Federal Assembly
- Long title On Amendments to Article 15-3 of the Federal Law "On Information, Information Technologies and Information Protection" On Amendments to the Code of the Russian Federation on Administrative Offenses ;
- Territorial extent: Russia
- Signed by: President Vladimir Putin
- Signed: 18 March 2019
- Commenced: 19 March 2019

Legislative history
- First reading: 7 March 2019 (State Duma)
- Second reading: 13 March 2019 (Federation Council)

Amends
- Code of the Russian Federation on Administrative Offenses

= Russian 2019 fake news laws =

Russian law

The Russian 2019 fake news laws is a group of 2 federal laws, adopted by State Duma on 7 March 2019, approved by Federation Council on 13 March 2019, signed by President of Russia on 18 March 2019, allowing the Federal Service for Supervision of Communications, Information Technology and Mass Media to extrajudicially block access to online media publishing information, considered "unreliable" by Russian authorities (Law No.31-FZ), and establishing the punishment for such dissemination (Law No.27-FZ). The laws entered into force on 29 March 2019. These laws are the first in the series of Russian fake news laws.

==Overview==
The Federal Law of 18 March 2019 No.31-FZ prohibits the dissemination of an "unreliable information" endangering life and/or health of individuals, and/or property, creating the risk of massive violation of public order and/or public security, or the risk of interference with the functioning of vital, transport, social infrastructure, power, industrial and communication facilities, banks and other financial institutions.

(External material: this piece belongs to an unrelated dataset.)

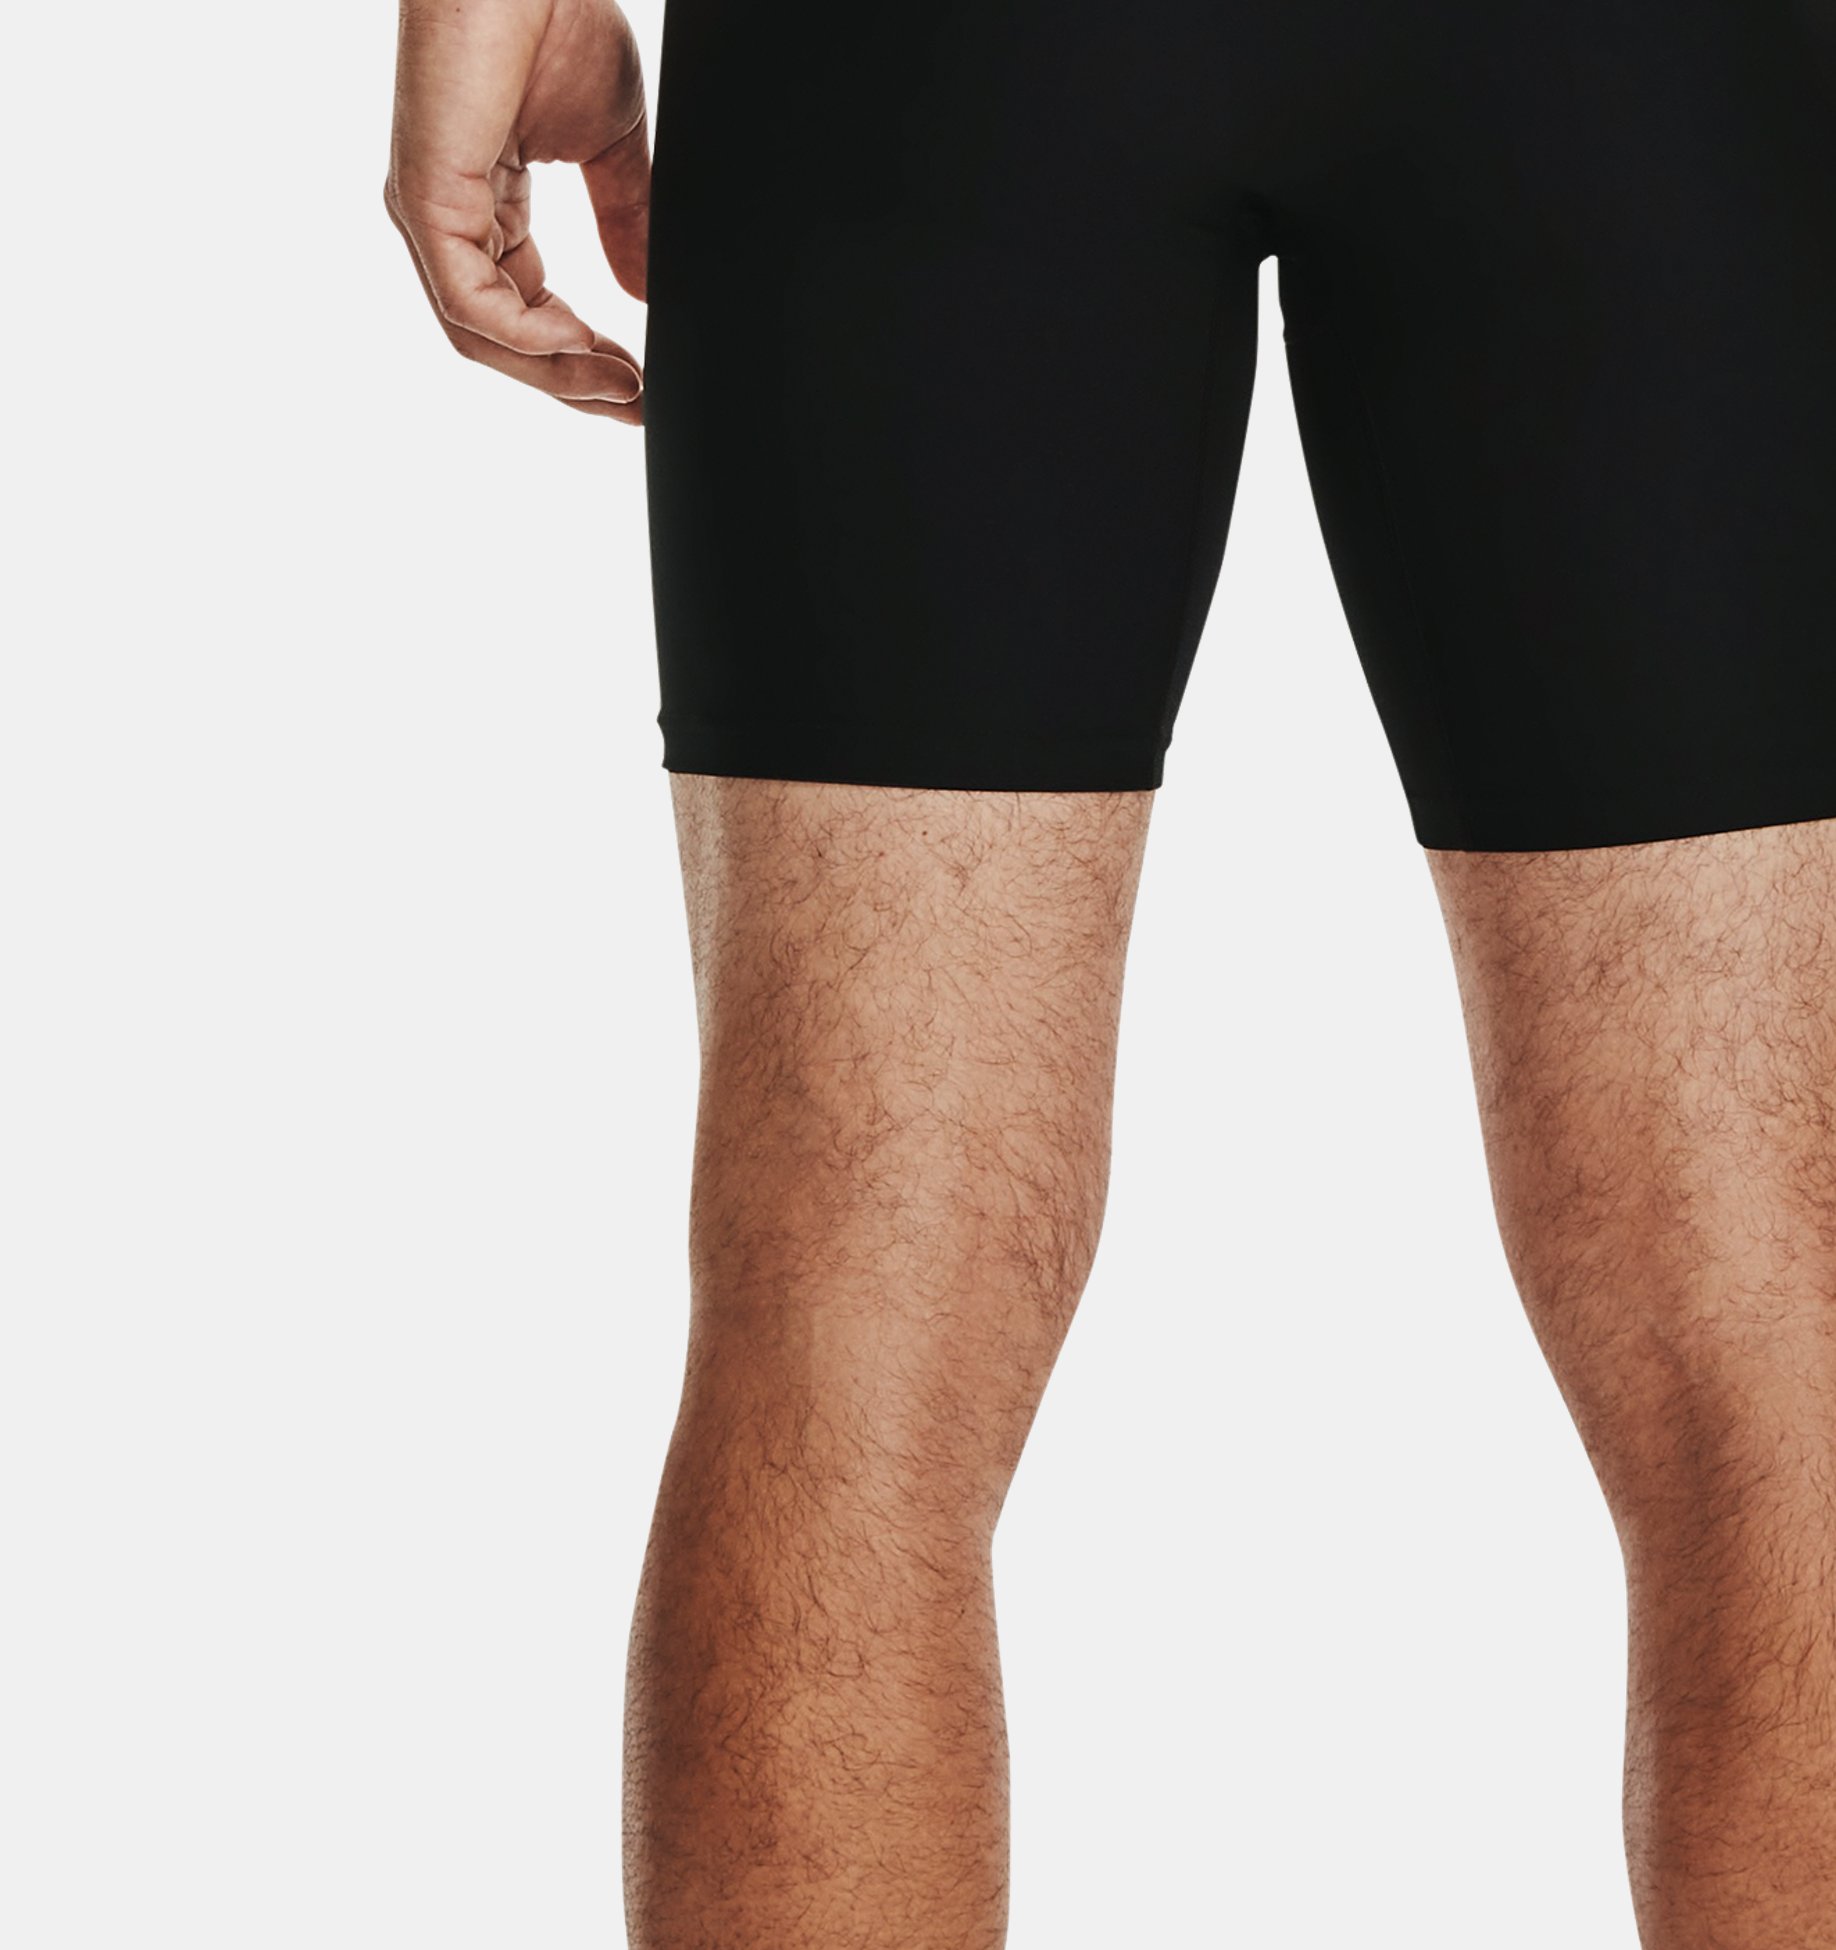 Under Armour Men's HeatGear Compression Shorts - 1361596 - FREE SHIPPING

The Federal Law of 18 March 2019 No.27-FZ supplemented the article 13.15 of the Code of the Russian Federation on Administrative Offenses with parts 9, 10 and 11 providing huge administrative fines for natural persons and juridical persons for the dissemination of "unreliable information".

According to aforementioned laws, an online media is obliged to remove from its website the information designated as "unreliable" by Roskomnadzor immediately after receiving the relevant notification. In the case of non-compliance with the obligation, Roskomnadzor blocks access to the media's website. Administrative responsibility is incurred even in the case of compliance with the obligation.

==Application of law==
The first case of dissemination of "unreliable information" was opened in April 2019 against Arkhangelsk's resident Elena Kalinina.

The first persons who were convicted under the Fake News Law are Publishing House "Moment Istiny" and its editor-in-chief Evgeniy Gneushev. The district court overturned the judgement against Publishing House "Moment Istiny" and set the case for a new consideration, but magistrate court imposed a fine again.

==Reaction==
The Presidential Council for Civil Society and Human Rights opposed the bill.

On 12 March 2019, many journalists and human rights defenders stated that the bill would establish the government censorship which is prohibited by the Constitution of Russia. They called this law grave abuse by officials, cynical denial of constitutional rights, state repressions against journalist community.